WMDE-Fisch set the point value for this task to 3.May 25 2022, 12:15 PM

From some brief looks into the uk fails:

  • I first checked superset if request might mainly come from direct calls to the API but that seemed not to be the case
  • Then I looked at the pages that are associated with the revids in the logs:

In all cases I checked I saw the following, when just looking at the page using the title:
Template/file changes in this version are pending review. The stable version was checked on 21 June 2022.
So there's a stable version, that's also the most recent version, but there are still Pending changes because some template dependencies are unreviewed. Also the user will always be redirected to the Pending changes tab by default it seems. [1]

So at that point I assume that in these cases there's some flaw when handling these versions and the cache. I guess the difference between the stable version ( using stable=1 ) and the pending version is, that for the former pending template changes are not parsed but instead only the stable template versions are used. Then the parsed results might be stored in the stable version cache. So we have a revision of the page that itself is considered reviewed, but there's a stable cached version of it and a variant that's not in the stable cache, - Or: In these cases there's no version in the stable cache.

[1] https://uk.wikipedia.org/w/index.php?title=%D0%9A%D0%BE%D0%BB%D0%BE%D0%B4%D1%96%D1%97%D0%B2%D0%BA%D0%B0_(%D0%86%D0%B2%D0%B0%D0%BD%D0%BE-%D0%A4%D1%80%D0%B0%D0%BD%D0%BA%D1%96%D0%B2%D1%81%D1%8C%D0%BA%D0%B8%D0%B9_%D1%80%D0%B0%D0%B9%D0%BE%D0%BD)&uselang=en

I picked an ruwiki example.

  • I see a mapdata API request for page https://ru.wikipedia.org/wiki/Бахмут, revision 124593840. There is only 1 map with 1 point, internally named with group id _9e455800913d474352c98b707f76b94497b8ed1d.
  • The revision id is the latest one, but it's not truly stable because of a template that changed.
  • https://ru.wikipedia.org/w/?oldid=124593840 and https://ru.wikipedia.org/w/?stableid=124593840 do indeed show two different versions. Both use the same revision of the page, but a different revision of the template.
  • In other words: Revision 124593840 was and still is the latest revision. It was marked as stable and still is, as far as I can tell. Still requests via oldid= vs. stableid= show different things. oldid= is from core's normal latest revision cache while stableid= is from FlaggedRev's stable revision cache.
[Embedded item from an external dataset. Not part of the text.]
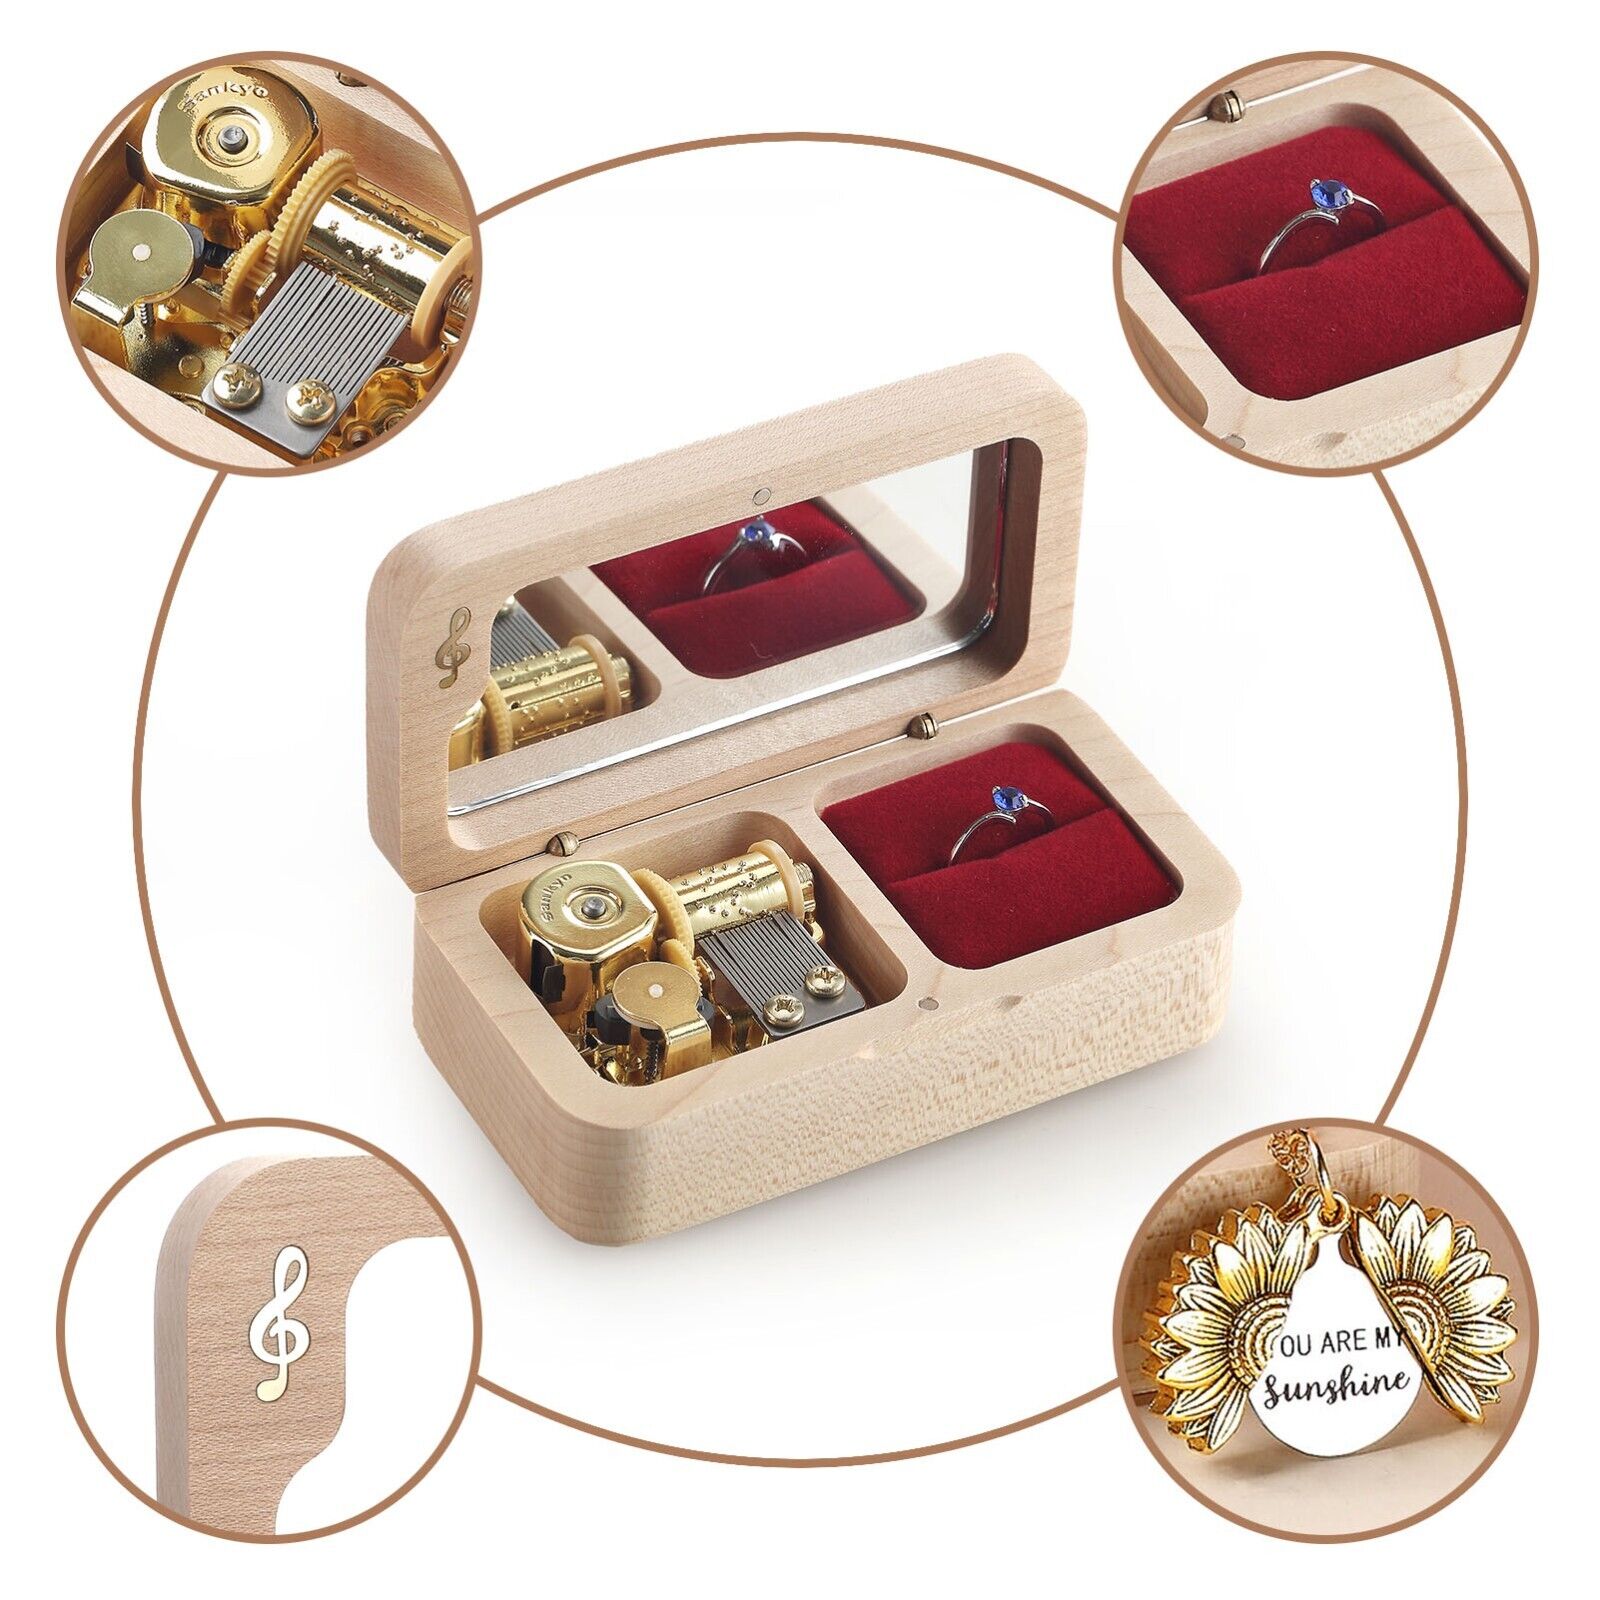 BEECH WOOD  RING JEWELRY WIND UP MUSIC BOX : ♫  CLAIR DE LUNE DEBUSSY    ♫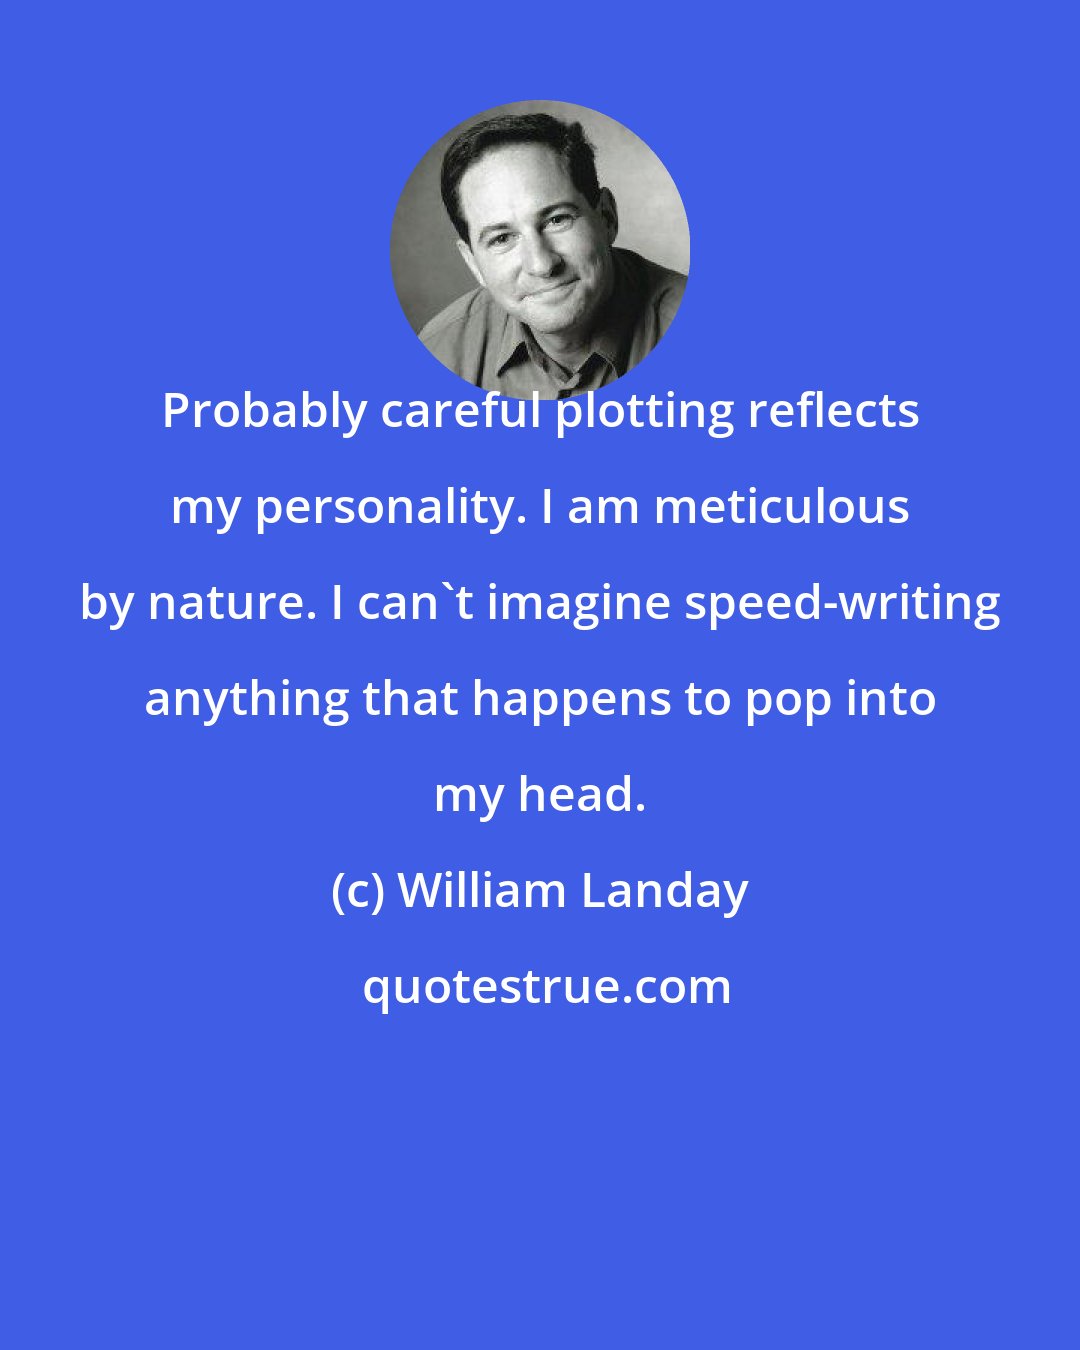 William Landay: Probably careful plotting reflects my personality. I am meticulous by nature. I can't imagine speed-writing anything that happens to pop into my head.

One problem I can identify is that we don't make a difference between requests via oldid= vs. stableid= in Kartographer. But the original code in FlaggedRevs does. We can't show different maps for oldid= vs. stableid= requests. This might even be a bug.

We run into a special case we call $latestRevMayBeSpecial in our code. When the requested oldid is identical to the stable one – which it is in this case – we try to read from FlaggedRev's stable cache. This should succeed in this example. The reason why it might not succeed is most probably because we use different ParserOptions. These are used as part of the cache key. We do a trivial ParserOptions::newFromAnon(), assuming the rendering for anonymous users should be the same as for anyone else. But the code that was supposed to render and cache the stable revision uses WikiPage::makeParserOptions() and takes everything into account that qualifies for a cache split, depending on the situation, e.g. the user's interface language.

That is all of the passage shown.